Aside from the obvious work of feeding and keeping cages clean, one of the most challenging aspects of living with companion parrots is finding ways to keep them busy. A bored bird is an unhappy bird, and an unhappy bird often will resort to undesirable behaviors such as screaming, biting or feather destruction.
This is difficult enough with a parrot who can see, but it’s even more challenging for a blind bird. How do you entertain her?
You do the obvious. You take her to Home Depot.
Despite the fact that Luna is often afraid of strangers who get in her personal space, she loves to go bye-bye. This isn’t your everyday love, either, this is l-o-v-e, love. The other day, we had to run an errand to pick up some supplies, and as we headed out the door, we asked her if she wanted to be moved to another perch.
No response. That means no in Luna talk.
Then, just as a lark, since it was an unseasonably beautiful day, I asked, “Do you want to go bye-bye?”
Luna’s head popped up as if someone had shocked her in the tail. “Rrrrp!” she growled. That means yes in Luna talk. She scrambled off her perch onto my hand.
We climbed in the car, and drove a few blocks to Home Depot. We could have walked, it was such a nice day, but we didn’t want to have to carry all our purchases home.
Now I’m not sure if this is true in all areas, but our Home Depot doesn’t seem to care if people bring their well-behaved pets shopping. We weren’t the only people there with companion animals, though we were the only ones with a bird. We saw a variety of fluffy dogs stuffed in handbags, and one particularly pampered pooch was sitting on a white satin pillow inside a shopping cart.
I kid you not. A white satin pillow.
When I saw the woman I couldn’t hold back. “I guess it’s bring your pets to Home Depot Day,” I remarked.
She looked at me for a second, puzzled. Then she saw Luna on my shoulder. “I guess you are right!” she laughed.
Luna loved Home Depot. I could tell, because the entire time we were there, she purred like a noisy cat. I don’t know if this behavior is unique to macaws in general, Severe Macaws in particular, or just one of Luna’s odd little quirks, but it’s certainly endearing.
Before we went inside, we walked around in the garden department. We stopped by all the different flowers, looking for the ones that had the most scent. Although some people say that parrots don’t have much of a sense of smell, I am pretty sure that Luna uses hers to the fullest. As we walked around, I kept up a running commentary. If I could smell something, I’d tell her what it was. We wandered around outside in the sun, sniffing plants.

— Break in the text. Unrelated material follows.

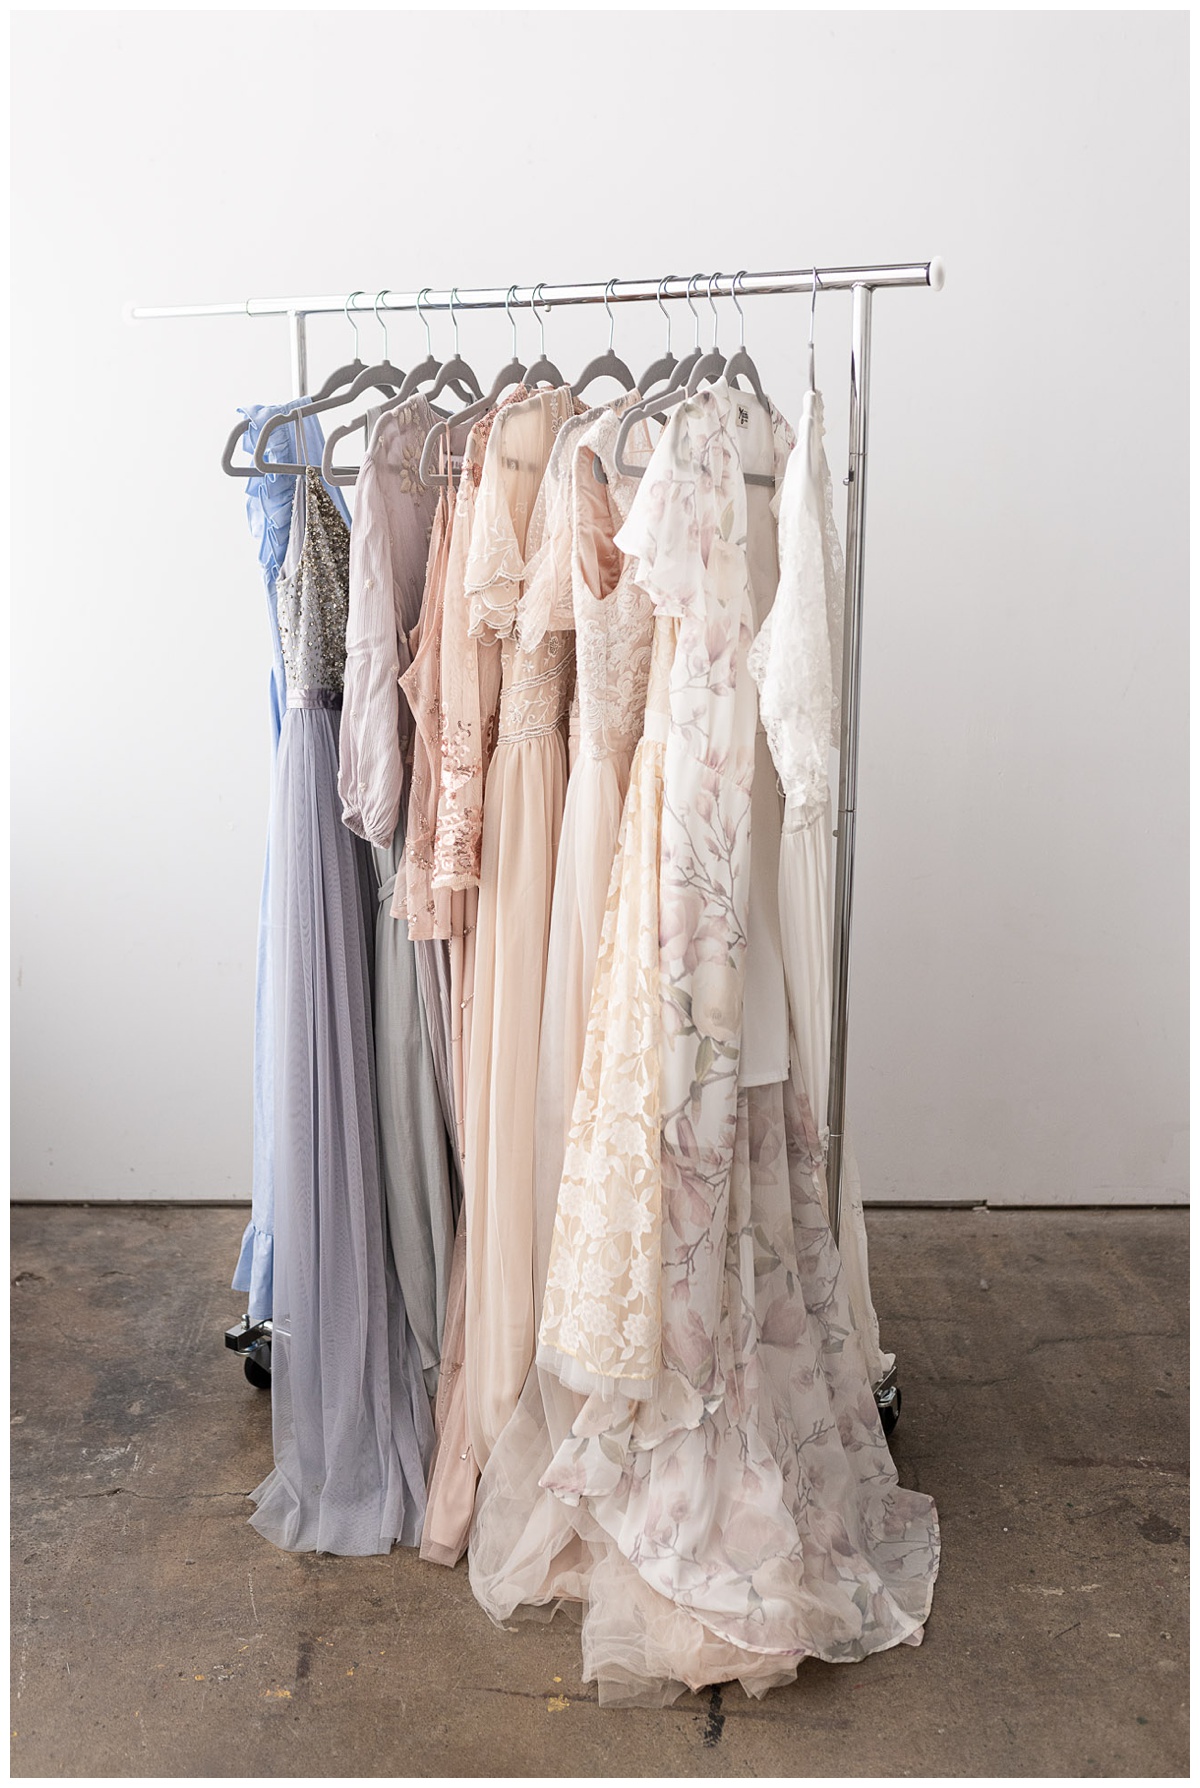 examples of the luxury photographer experience including luxury gowns in a studio wardrobe

I’m sure the nearby shoppers thought I was crazy. I remember an elderly gentleman looking at me as if he wasn’t sure which one of us had lost our marbles. Was it me because I was talking to a bird, or was it him for imagining me carrying on a conversation with a bird?
Luna purred the entire time, except when we had to pass through the section with rather stinky garden chemicals. I think she could smell them, and didn’t much care for the odor. I didn’t much like it either, so I increased my pace and quickly walked through. When we reached the other, better-smelling side, she resumed her happy noise. When we went up to the check-out, I explained the sounds she was hearing. I didn’t want the price scanner to alarm her, so I explained we were going through the check-out to pay for our stuff. The checker smiled as we went through.
In fact, all of the staff smiled indulgently as we walked the aisles with Luna. Nobody seemed to care that I had a walking, talking pooping machine on my shoulder.
Of course she was very good. She didn’t poop anywhere. She’s usually pretty good about giving me warning when we are indoors and she needs to let one go. Once, we took her to our local office supply store and she suddenly had to go. Halfway through our rounds in the store, she started giving me hard nibbles on the face.
That was my clue to run. I abandoned my cart and made a beeline for the door. I got her off my shoulder and was heading for a garbage can, when she let a really big poop go. It splattered all over the blacktop parking lot. The splat mark was probably 18 inches across.
When I headed back in the store, the manager (who knows us) asked me what the mad dash was all about.
“Luna had to go to the bathroom,” I explained.
The manager was quite pleased that she hadn’t made the mess in her store. If she had, I would have cleaned it up, of course. When we go out with the birds, we always bring along some paper towels.
As we were leaving Home Depot, we gathered a bit of a crowd. Some kids came by and looked at the bird. I warned them not to touch her, as I didn’t want someone to be bitten. Luna was in a pretty good mood, and probably wouldn’t have chomped on anyone, but I didn’t want to chance spoiling what had so far been a fun outing.
After we left, we stopped by our CPA’s office to pick up our taxes. Luna was being good, but I stayed on the tile part of the floor, “just in case.” When we finished, we headed for home, and I had a happy macaw. She had fun going bye bye, we got our errands done, and everybody was happy.
Enriching a bird’s life doesn’t have to be complicated, time consuming, or expensive. Sometimes, a simple trip bye-bye is more than enough to keep a bird entertained.